Will be getting a 150 gallon, which one would be better? 72*18*24 or 48*24*30?

Currently in 95 gallon corner bow front.

Rhino Pleco 9 inches
Oscar 7 inches
Blood Parrot 5 inches
Severum 4 inches
EBJD 4 inches
3 Silver dollars 4 inches


----------



## The Cichlid Guy (Oct 18, 2014)

I like the 6 foot tank. The added length gives your fish more swimming room than the taller, wider tank. It will also allow your fish to put more distance between themselves, should aggression occur, and more floor space to claim as territories.


----------



## Mcdaphnia (Dec 16, 2003)

The standard 150 has more slightly more surface area than the extra tall 150. That is a good thing since some fish claim the bottom as a territory marker and there will be an extra square foot of it. Also fish may be able to get a couple feet farther from an unfriendly neighbor. It is also easier to put a sturdy divider in the six foot tank as a temporary solution to future aggression.

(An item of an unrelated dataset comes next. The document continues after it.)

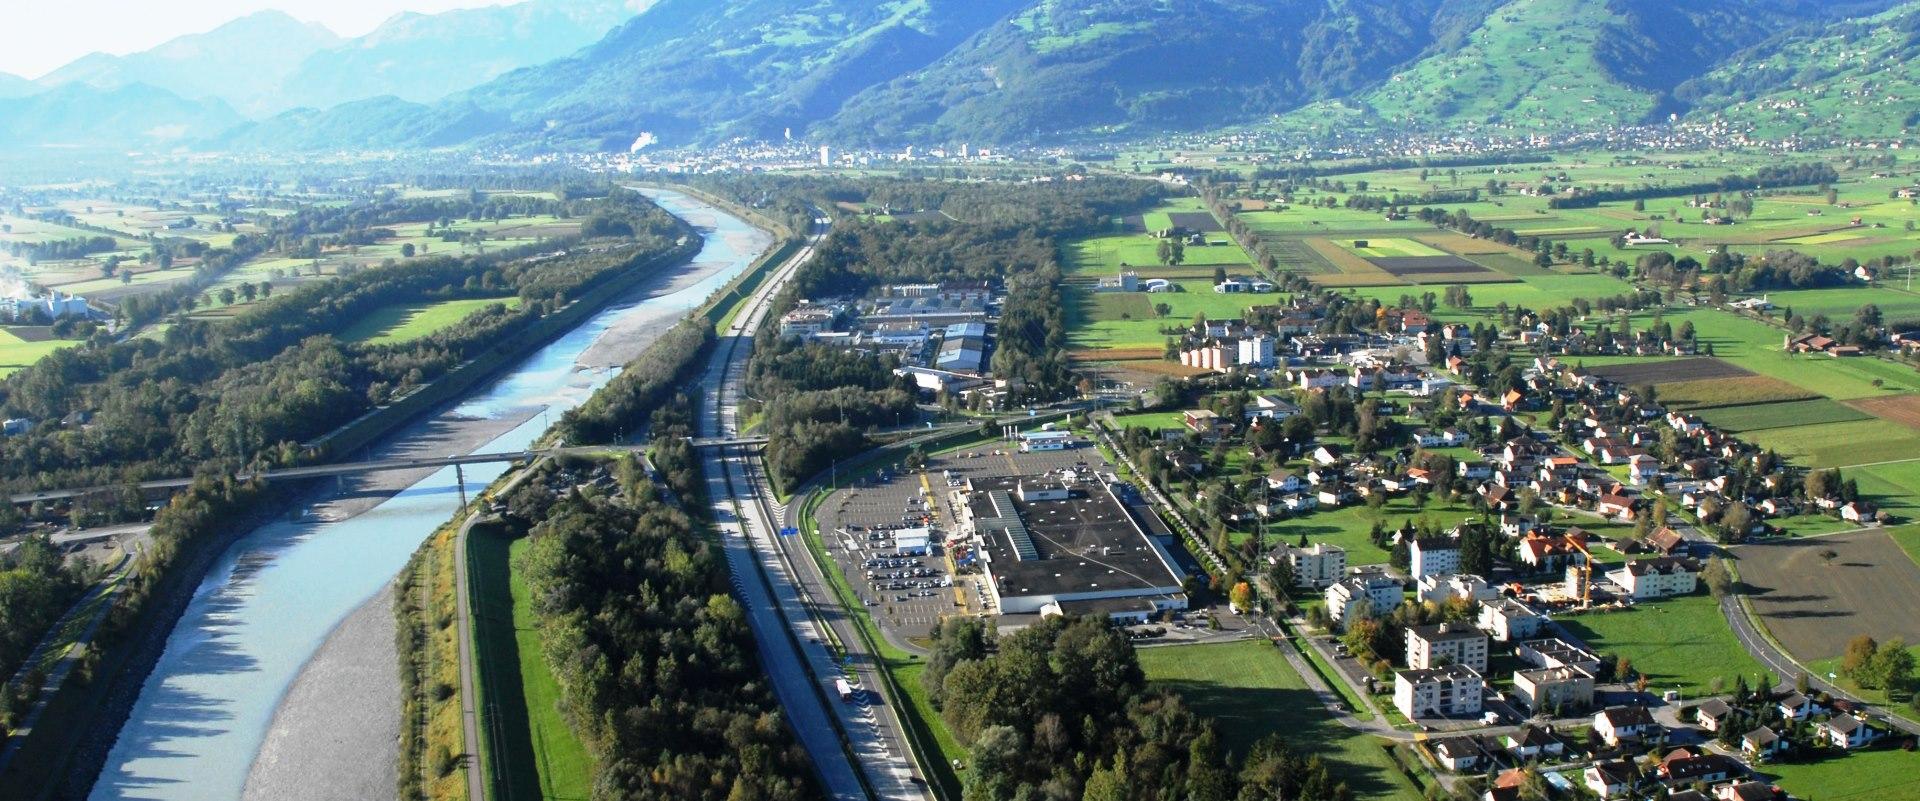 Ersatzbiotope «Wisenfurt» (Buchs-Sennwald SG) und «Afrika» (Buchs SG) für Rodungen wegen des Baus der Nationalstrasse N13 im Bereich Trübbach-Haag
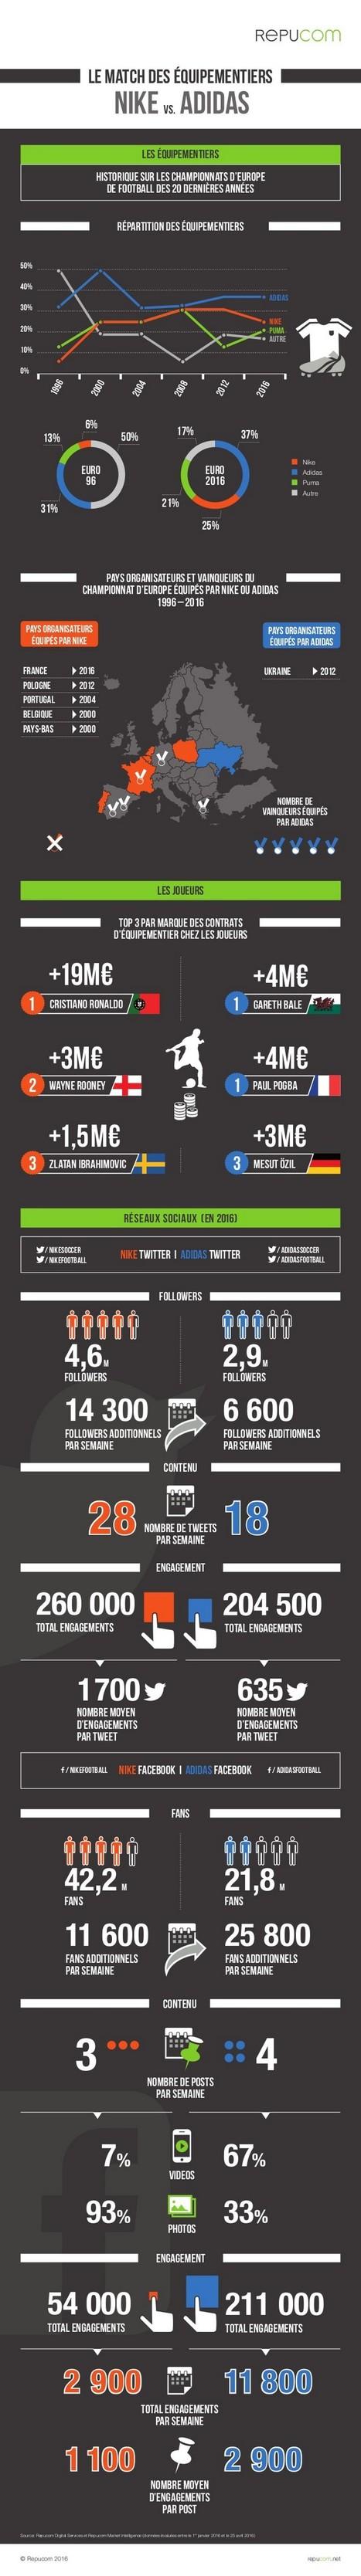 Euro 2016, le match des équipementiers   Les infographies !   Scoop.it

Your stock reminds me of my personal imagery of keeping cichlids. I think of it as musical tanks. It is like the party game Musical Chairs that probably you have to be born about WWII to remember. Everything in the tank is going along fine, everything every fish getting along harmoniously. Then the music stops. Some fish has gotten bigger and noticed the tank shrinking around him. Another fish has decided to claim the whole tank as a mating ground.... Suddenly you are one tank short.


----------



## krazyju84 (Jul 10, 2014)

Thank you for the replies, I'll be going with the longer tank. Will update on how the new setup is going in the near future.


----------



## Mcdaphnia (Dec 16, 2003)

krazyju84 said:


> Thank you for the replies, I'll be going with the longer tank. Will update on how the new setup is going in the near future.


Good choice! While the proportions of an extra tall 150 are esthetically pleasing, cleaning the bottom is an extra six inches past my armpit.


----------



## krazyju84 (Jul 10, 2014)

Picked up a used 72*18*27 and currently filled it half way with water to check for any leaks. No leaks but I am wondering now if I should scrape off the old silicone put on new silicone.. or is it better to go with the "if it aint broke then don't fix it" ?

It is an old aquarium made in 1989, glass is 5/8 thick. I know it will bow a bit in the middle of the tank since this old thicker aquarium weren't made with any center brace, it isn't bowing at all with half full. That got me thinking about installing a center brace or two before I set this up... or should I not touch this project either? any experience out there with dealing with older aquariums?

thanks in advance


----------



## JimA (Nov 7, 2009)

Nice going with the longer tank. As far silicone how's it look, is it cracked and or kinda peeling off or just plain nasty looking? None of which will say it won't leak anyway if it looks good. If you feel confident doing it, I probably would. But take your time, it's not something you want to rush.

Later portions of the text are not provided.